ACCORDING to commentators and news reporters, we find ourselves amidst a ‘pingdemic.’ I’m not sure the term is particularly helpful. Mainly because it shifts focus away from reducing Covid cases and solely on to the disastrous management of the NHS Test and Trace app. Admittedly, the Government’s failure to update the app as the vaccination programme has progressed has resulted in unmitigated chaos. Hundreds of thousands of people over the last week or so have been ‘pinged’ and informed that they must self-isolate after coming into contact with someone carrying the virus.

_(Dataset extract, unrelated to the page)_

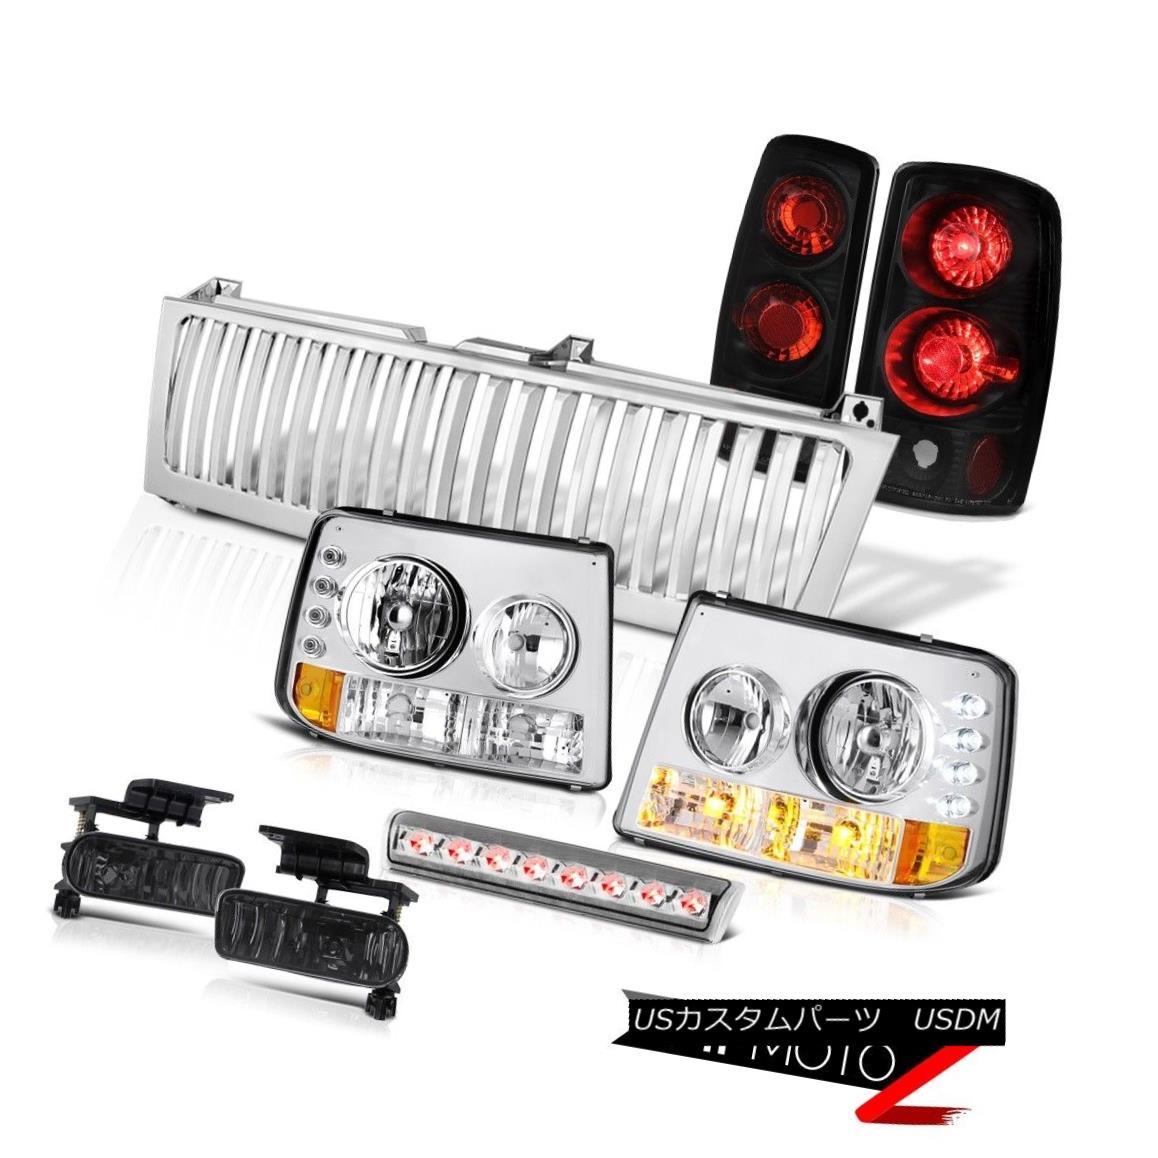 テールライト Headlamps Rear Brake Lights Black Fog Third LED Grille 00-06 Tahoe 4.8L Signal ヘッドランプリアブレーキライトブラックフォグ第3 LEDグリル00-06タホ4.8L信号

Yet we must be mindful that concerns about the management of the Test and Trace app should not subsume much more grave concerns about cases, hospitalisations and deaths continuing to rise. It must be the Government’s primary focus to prevent transmission and bring down the number of positive cases as fast as it possibly can. If it does not, we face the spectre of a vaccine-resistant variant – mutating as cases multiply – or yet another economically disastrous lockdown.

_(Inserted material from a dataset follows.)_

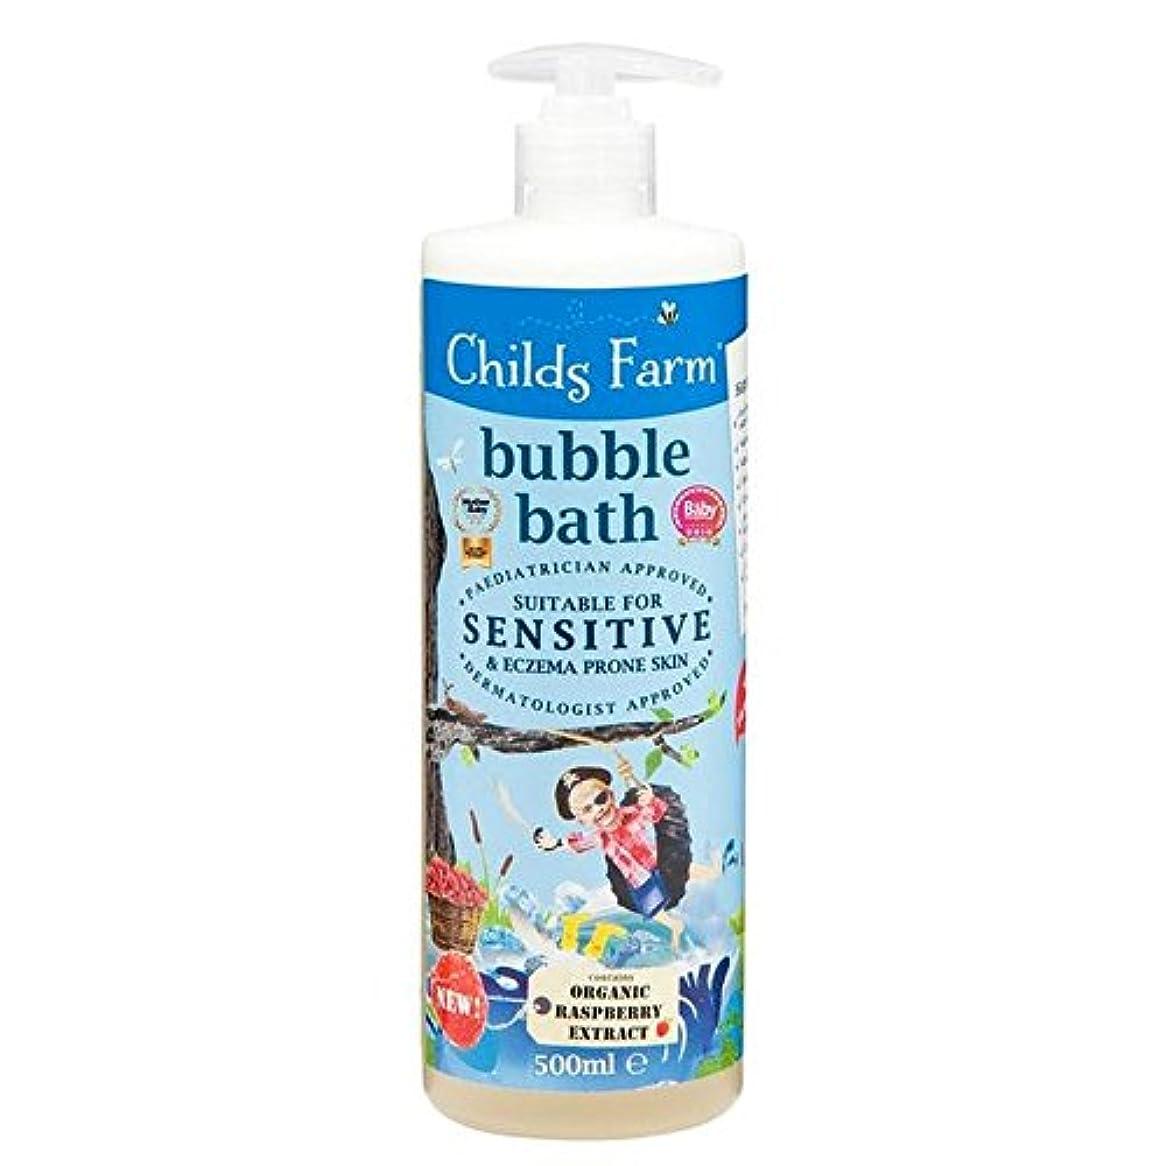 コーンウォール他のバンドで薄めるChilds Farm Bubble Bath for Bucaneers 500ml (Pack of 6) - 500ミリリットルのための農場の泡風呂をチャイルズ x6 [並行輸入品]

The vaccine is certainly no panacea just yet. But the Government has reopened the economy under the proviso that it has made us safe enough to do away with restrictions. Yet if hundreds of thousands of people (618,000 last week alone) continue to be forced into self-isolation, ministers’ logic will surely be drawn into question. Cancelled bin collections, businesses small and large having to close or reduce their operations while many shops see emptying shelves are just some of the consequences. The Government has been forced to introduce special exceptions from self-isolation from those in product packaging industries and other essential trades – once again lifting the veil on how important criminally underpaid key workers are for our economy.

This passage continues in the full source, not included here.